- Source data:
[Start of Attachment]

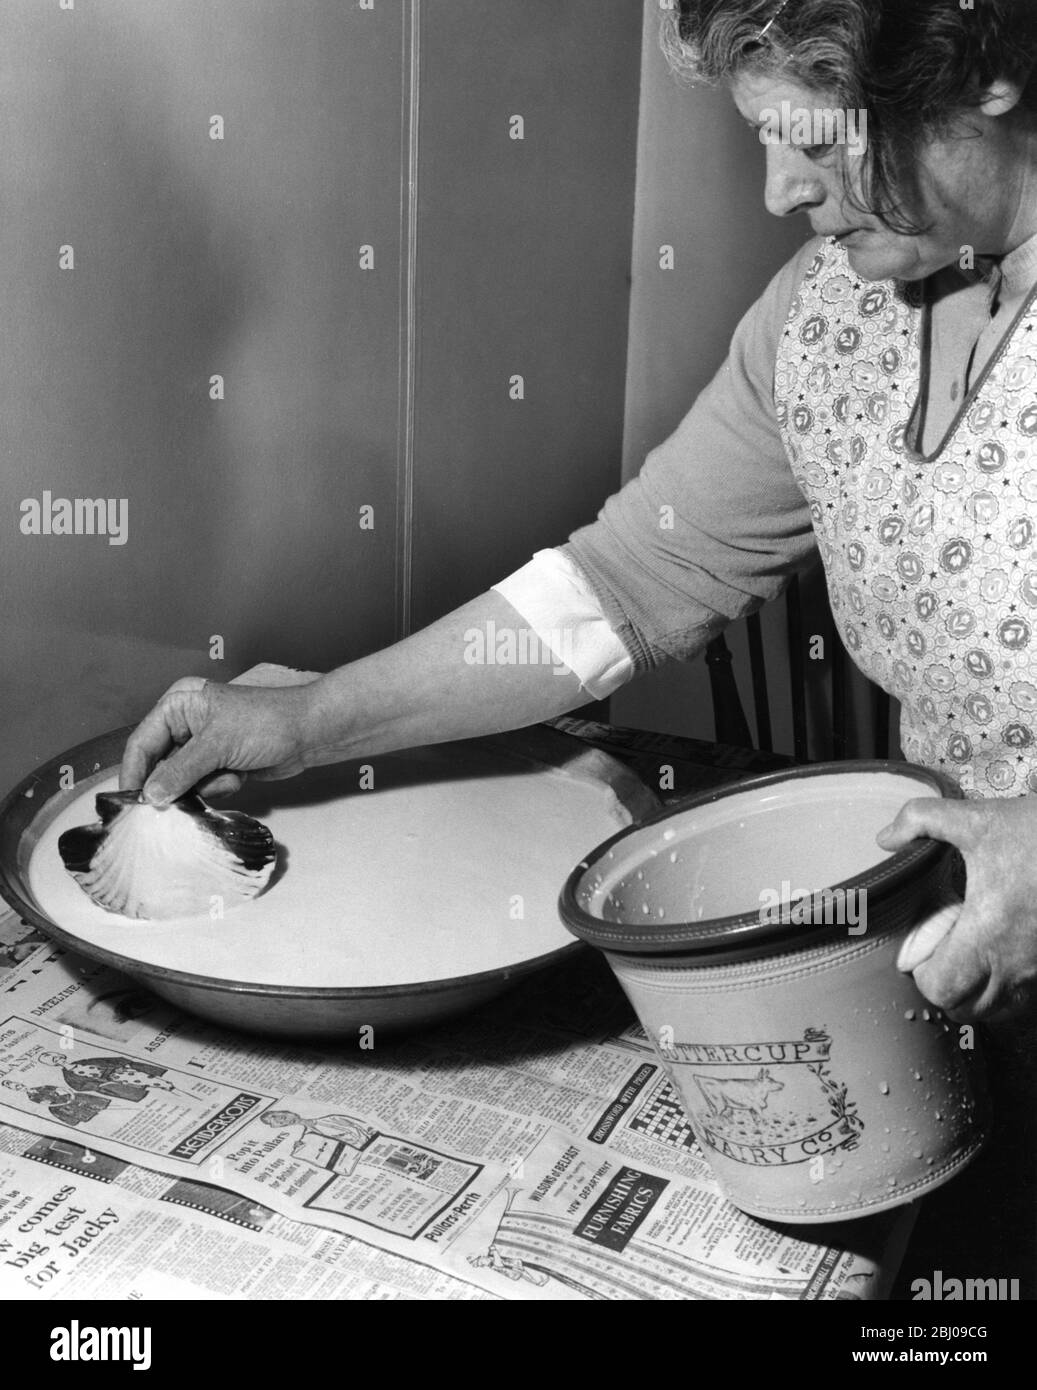 Miss Peggy Macleod Butter machen - Abziehen der Creme aus thee Cremepfannen Beachten Sie, dass sie Skollop Sheel in Daliburgh South Uist Äußere Hebridgen Schottland verwendet - September 1961 Stockfoto
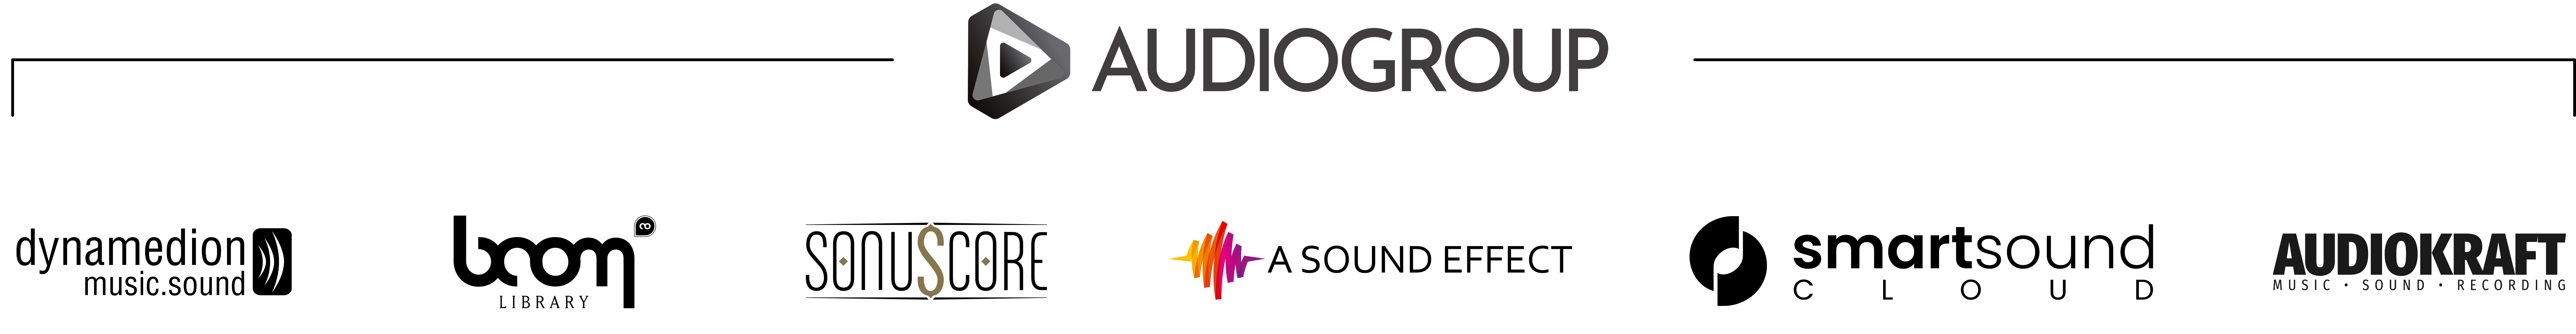 Audiogroup Logos
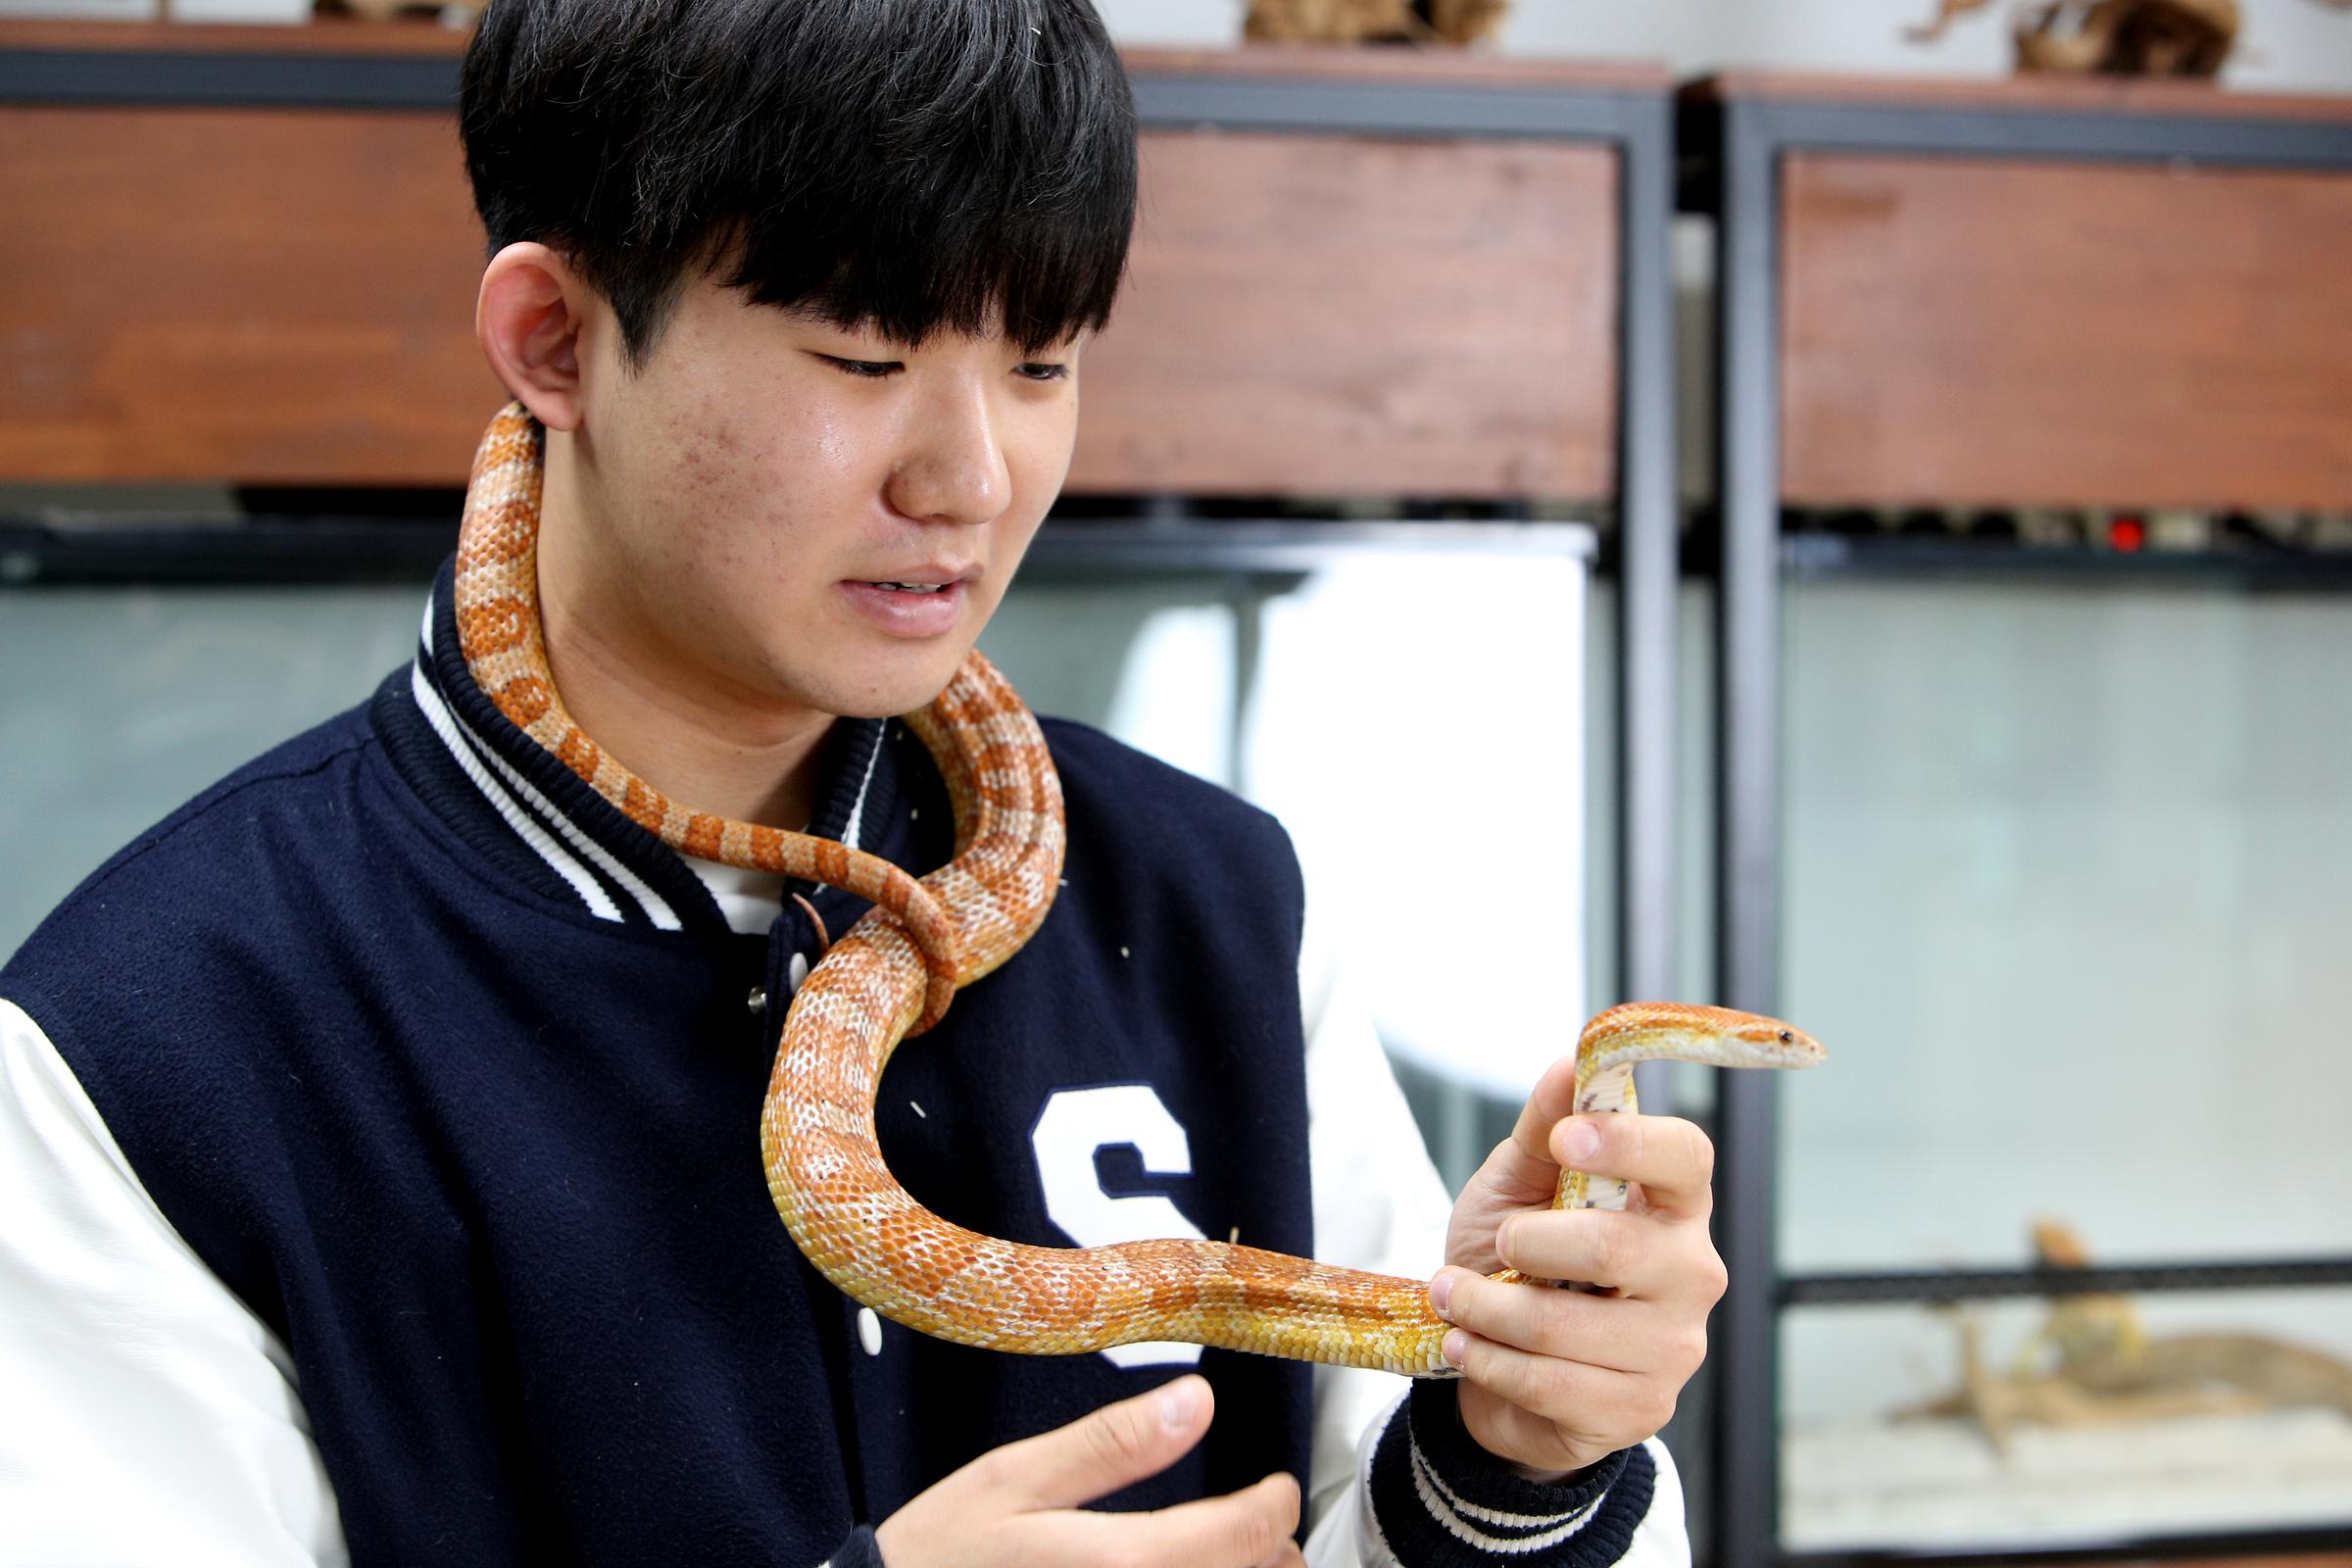 뱀을 목에 두르고 있는 남학생의 사진

[End of Attachment]

- Activity: Everything in the listing above must be retyped exactly, except for the pictures.

- Your solution:
 Miss Peggy Macleod Butter machen - Abziehen der Creme aus thee Cremepfannen Beachten Sie, dass sie Skollop Sheel in Daliburgh South Uist Äußere Hebridgen Schottland verwendet - September 1961 Stockfoto
 Audiogroup Logos
 뱀을 목에 두르고 있는 남학생의 사진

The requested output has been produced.